Carlton is a small rural parish located East of the river Sence in Leicestershire, England, around 2.2 miles North of   Market Bosworth. According to the 2011 Census, Carlton has a population of 305 However, from 2014 it is estimated that there are around 330 people living there with a total of 283 registered electors. There are four roads in Carlton:
Main Street (where most of the population is centred)
Barton Road (at the east end of the village leading south to Market Bosworth and north to Barton-in-the-Beans)
Congerstone Lane (at the west end of the village)
Shackerstone Walk (formerly Occupation Road).

Village life 
The village has a strong community spirit, and there are regular fundraising events for causes such as the church. There is an Investment Club which meets in members' houses once a month. The local fox hunt often meets in one of the farms on Shackerstone Walk. The Community also gets involved in other events such as the spring clean litter pick which has been going on annually since 1992. the day involves the clearing of all roads and verges leading up to the village to welcome spring. Most recently a total of 30 local people took part.

Facilities 
The village has one pub, The Gate Hangs Well, situated at the eastern end of Carlton. This pub now features a cafe and restaurant called Seasons, and is privately owned. The village is in Leicestershire, but the post office mail is delivered from Nuneaton, so Carlton's Post office address is Carlton, Nuneaton, CV13. The Parish is also crossed by the Leicestershire round circular paths, a 100-mile circular walk around the county connecting many places of historical and geographical interest. Therefore, the parish council works closely with the Carlton footpath group and the county council.

St Andrews Church 
St Andrews today is a small pretty church situated in the centre of Carlton restored after it was burnt down in 1764 with a mixture of both stone and brick and was dedicated to St Michael  Then in 1867 another restoration took place undertaken buy Goddard and Son. The restoration involved both altering the windows and adding a saddleback top to the tower.. The building was Gothicised and its dedication was then changed to St Andrew. In the Northern Wall of the nave there is a stained glass window picturing the angels Michael and Gabriel created in the 1920s by Theadora Salusbury. In 1937 the clock tower was bought through the efforts of the rector's daughter selling needle work door to door, and this needlework continues as some of the villagers produced some commemorative pieces in order to celebrate the Millennium.

History of Carlton 
The village's name means 'farm/settlement of the free peasants'.

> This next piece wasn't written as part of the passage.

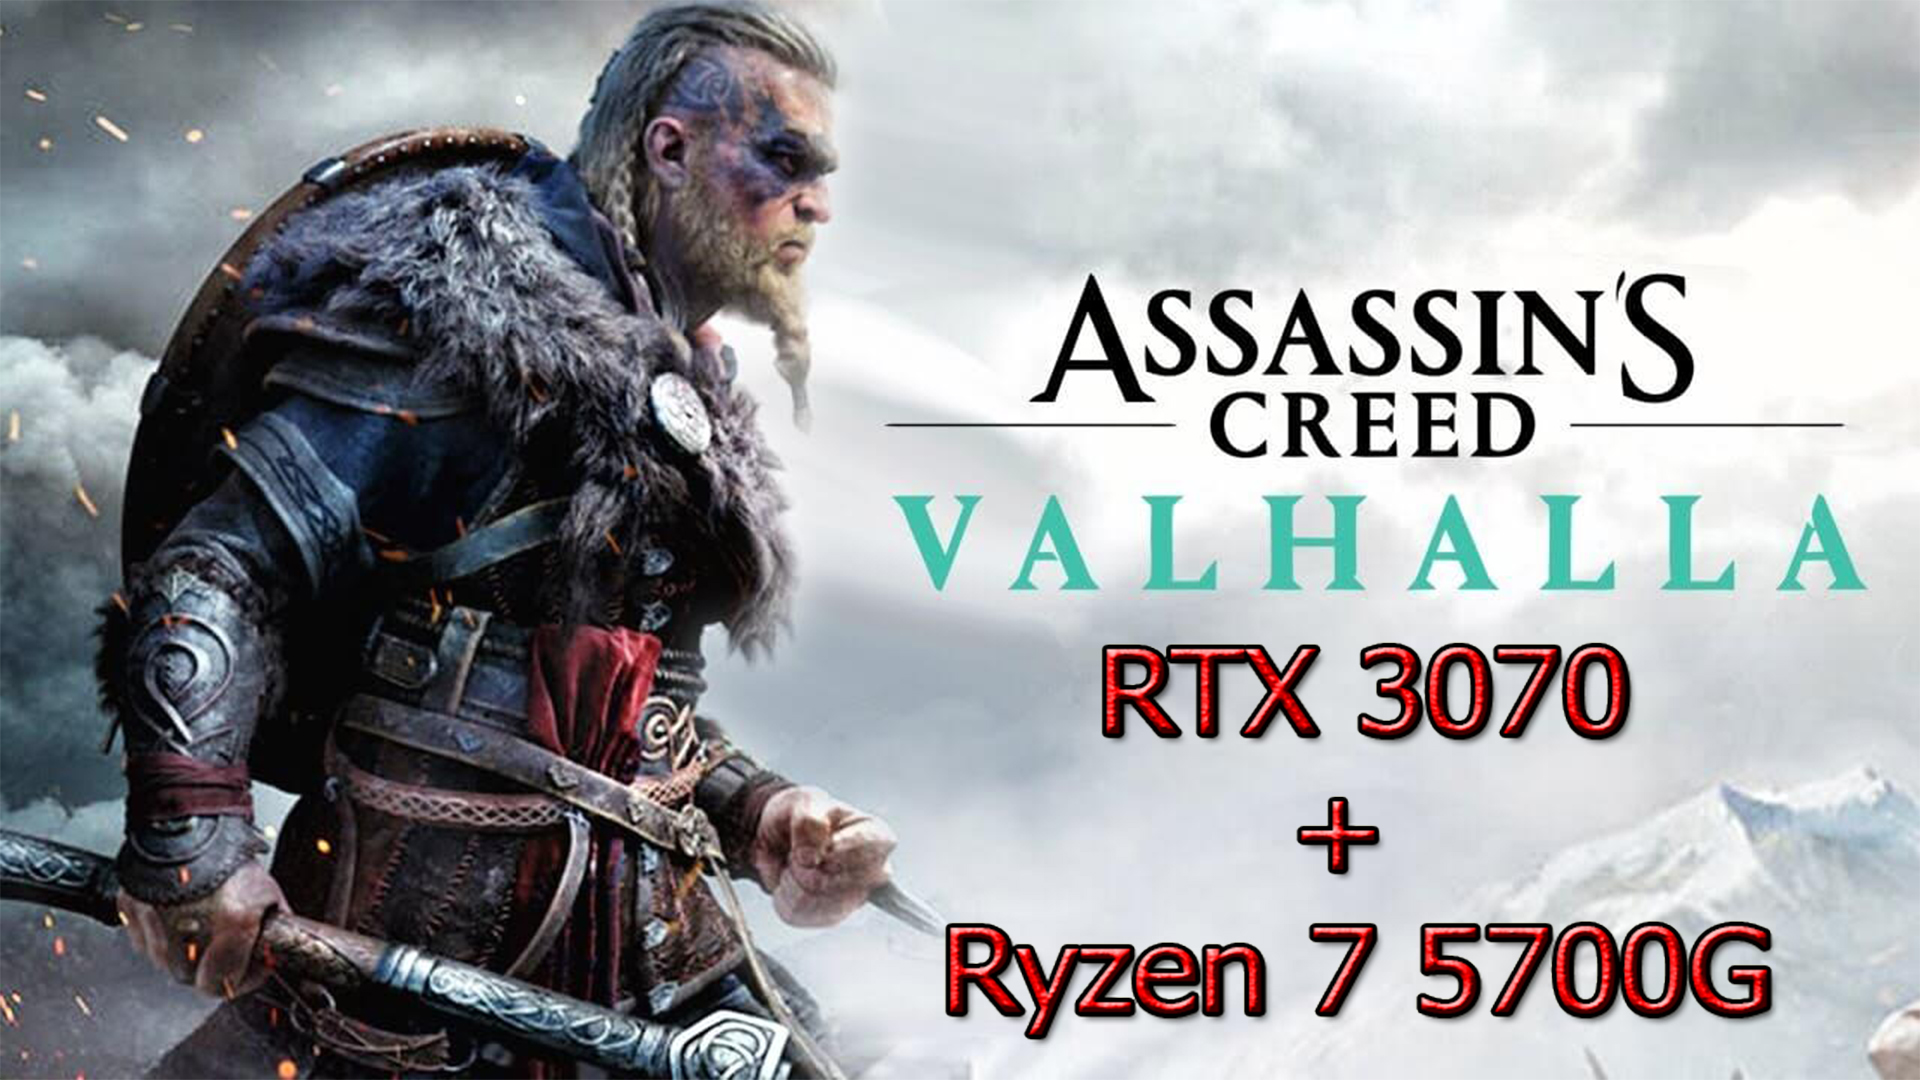 Assassins Creed Valhalla RTX 3070+Ryzen 7 5700G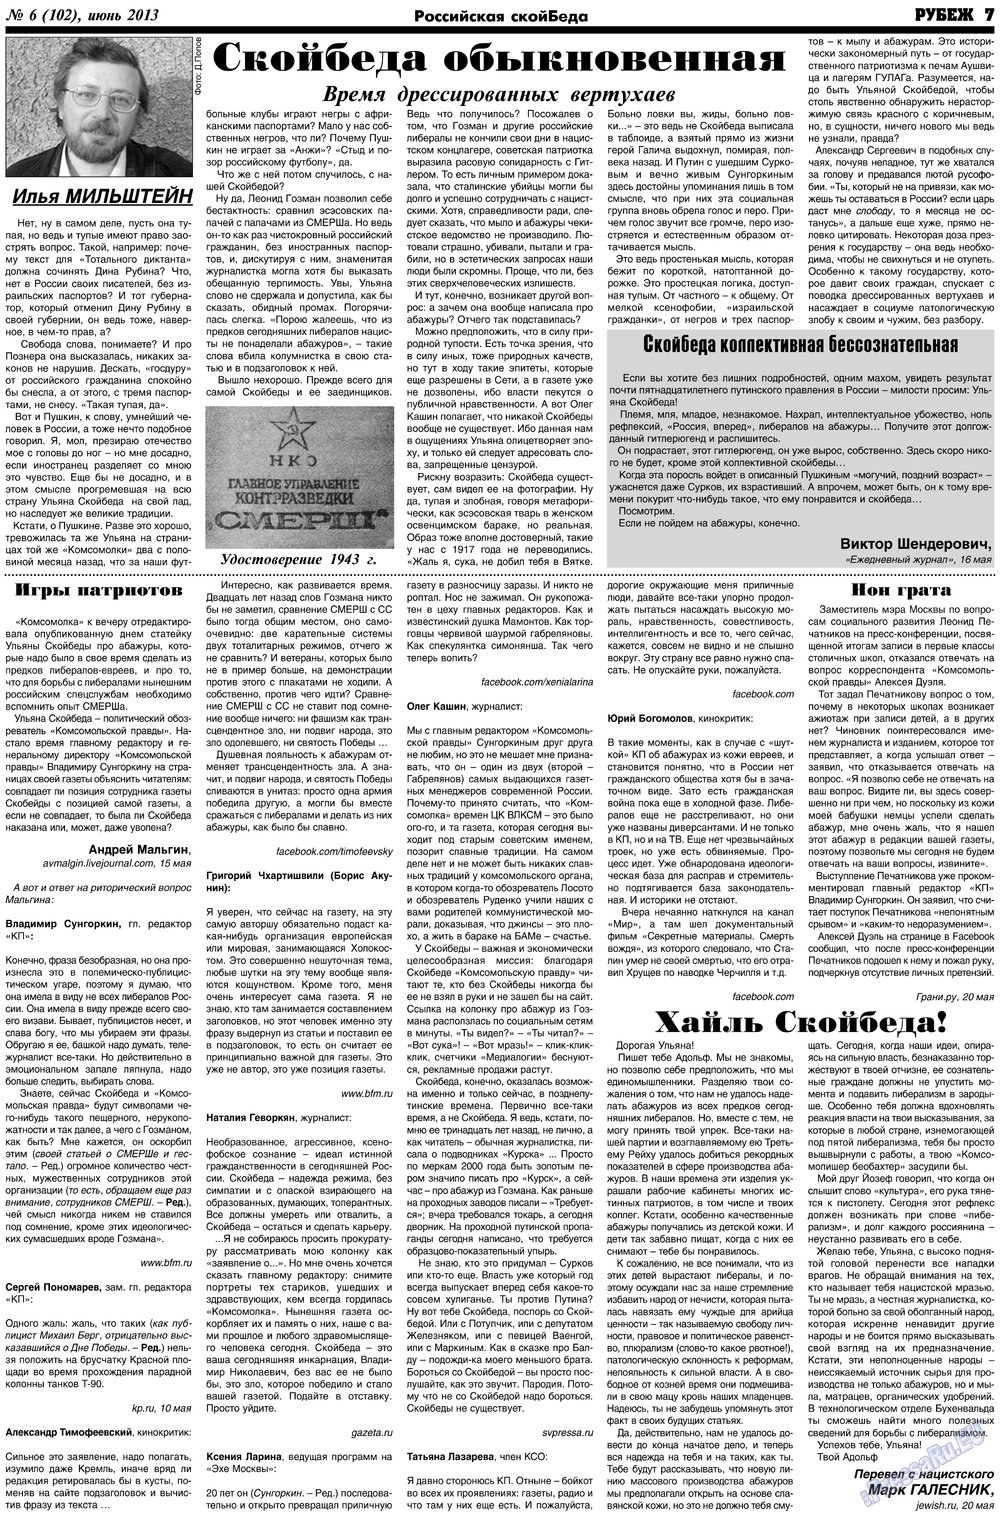 Рубеж (газета). 2013 год, номер 6, стр. 7

There is no mention of the parish in the doomsday book so it is likely a Norman settlement However the first Civil registration occurred in 1837, with the parish being registered in the Market Bosworth Sub-District. and from then Carlton was described as a chapelry in Market-Bosworth parish, Leicester; on the Ashby-de-la-Zouch canal.

In 1847, saw the Carltons first Public elementary school to be built, intending to educate 49 children other facilities were also built or revived including the St Andrews church, a Manor house in 1881 and the diamond jubilee orchard.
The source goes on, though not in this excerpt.